Пирс натянул на себя куртку.

— Спасибо тебе, сын мой, — проговорил отец Миднайт.

— Спасибо вам, святой отец.

Сунув руки в карманы куртки, обратно через пустую церковь, не забыть мимоходом преклонить колени у заселенного алтаря, и дальше — к купели из тусклого камня у дверей, что наполнена холодной, немного вязкой водой. С ужасающей отчетливостью ощущая спиной слежку (вот-вот поймают, а отец Миднайт — пускай только он — и сейчас смотрит ему вслед), Пирс достал из кармана алюминиевый цилиндрик (водонепроницаемый, он предназначался для хранения спичек во время туристических походов, но спичек в нем и не бывало) и окунул его в купель. Нескончаемая секунда, пока он с бульканьем наполнялся. Далее — закупорив пузырек, за двери — в серую полноту дня, возникшую, пока Пирс был внутри церкви.

Идти сегодня к причастию, наверное, не самая удачная мысль. Тепло из сердца распространилось по всей груди и уже не согревало, а жгло, разъедало, раздраженное его дерзостью. Во рту сделалось кисло, голова кружилась.

Хильди, белее стены, с широко открытыми глазами, выглянула из дверного окошечка, а потом чуть-чуть приотворила дверь бунгало, чтобы впустить Пирса.

— Ее вырвало, — боязливо сообщила она. — Не по-настоящему, а так, слизью.

Бёрд сидела на постели Бобби, держа ее за руку, и неотрывно на нее смотрела. Лицо Бобби, казалось, было покрыто тонким и липким глянцем; ее невидящие глаза, устремленные на Пирса, туманила дымка: они походили на яйца, сваренные вкрутую. Едва увидев Бобби, едва вдохнув запах комнаты, где лежала больная, Пирс сразу понял и то, что все кончено — придется признаться Мауси, — и то, что его самого тоже мутит. Отныне и навсегда, когда начало болезни будет связывать воедино все дни, проведенные Пирсом в жару (словно лихорадка была другой, отдельной жизнью, которой он жил лишь урывками, — жизнью со своими воспоминаниями, своими желаниями, потребностями и слабостями), — это утро станет одним из таких дней.

— Она поправится, поправится, поправится, — потерянно твердила испуганная Хильди.

— Конечно, — сказал Пирс. — Конечно.

Он вынул из кармана сосудец с водой и поставил его на шаткий столик возле кровати Бобби (на переводных картинках — медвежата и кролики), среди скомканных салфеток и стаканов, до половины наполненных водой.

— Господи, сделай так, чтобы она поправилась.

Им оставалось только одно — ничего не делать (об этом они условились молча), оцепенело сидеть под гнетом вины, разрываться между маячившей необходимостью сказать взрослым и невозможностью пойти на это и ждать, пока дверь не откроет Мауси.

Но первой дверь открыла не Мауси, а сестра Мэри Филомела.

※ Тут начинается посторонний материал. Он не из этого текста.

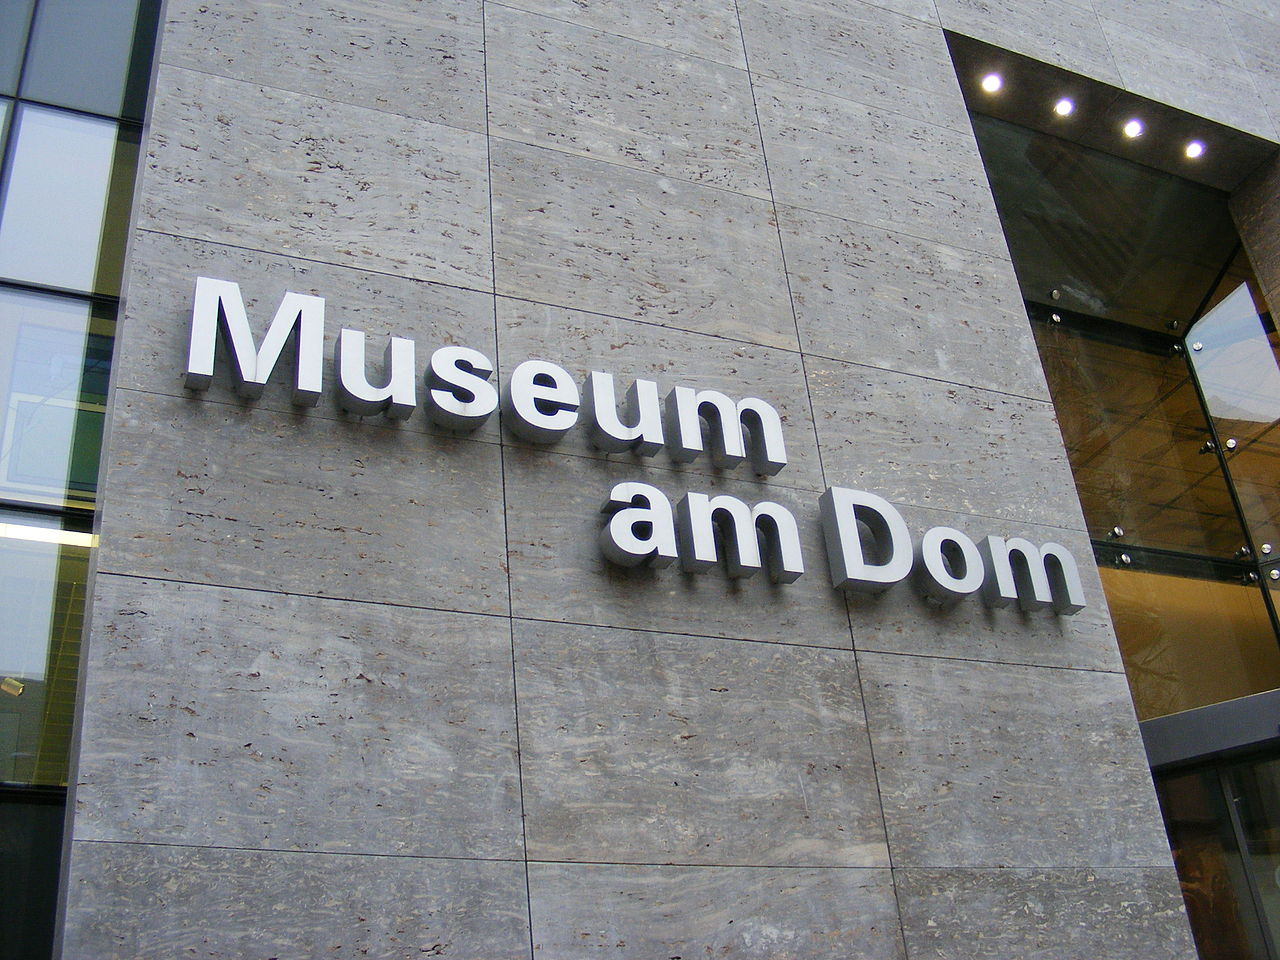 Bild Museum am Dom Würzburg

Она приняла всерьез обещание присмотреть за детьми, данное доктору Олифанту (а Винни этому обещанию особого значения не придала); утром в субботу ей было чем заняться, и классная комната вполне для этого годилась. Впрочем, она, по-видимому, чувствовала, что приход ее может оказаться неуместным, и поэтому заглянула в наполовину приоткрытую дверь бунгало с непривычной для нее осторожностью.

Как вспоминал позднее Пирс, она поступила вполне умно: увидела в постели Бёрд больную девочку, которая зашлась в конвульсивном кашле, и поспешила на помощь.

— Кто она? — мягко спросила сестра, сидя на постели рядом с больным ребенком.

Бобби, по-прежнему кашляя, сделала слабую попытку забиться в угол, словно могла протолкаться сквозь стену, и уставилась на сестру (что видела она в этом черном одеянии и покрывале?).

— Бобби, — ответила Бёрд, чуть не плача от горя и облегчения.

— Что ж, нужно будет позвать к Бобби доктора? Позовем?

— Дасестра.

— Смерим ей температуру, да?

Розовая ладонь сестры легла на лоб Бобби, рука обхватила ее трясущиеся плечи. На мгновение Бобби перестала кашлять, лицо исказила невольная гримаса (лезущие на лоб глаза, открытый рот); она изогнулась, как собака при рвоте, и извергла из себя большой комок желтоватой мокроты. Сестра Мэри Филомела пыталась отстраниться, но жидкая масса попала на ее черное одеяние; дети наблюдали как громом пораженные, тогдашний ужас с прилипчивой точностью вспоминался им и во взрослые годы: тот раз, когда Бобби облевала сестру.

— Меня выворотило. — Голос Бобби звучал слабо, на губах выступила пена. — Опять.

Хильди послали в большой дом за термометром. Бобби, ловя воздух, сидела неподвижно, как пойманная птичка, в руках сестры Мэри Филомелы. Краденая святая вода лежала у нее как раз под локтем; Пирсу казалось, что сестра может ее почувствовать, уловить исходящие от нее вибрации; пальцы Пирса в кармане куртки сами собой дернулись, готовые ее забрать, но тут вернулась Хильди, которая в летней кухне встретила Уоррена с Мауси — они тоже направлялись в бунгало.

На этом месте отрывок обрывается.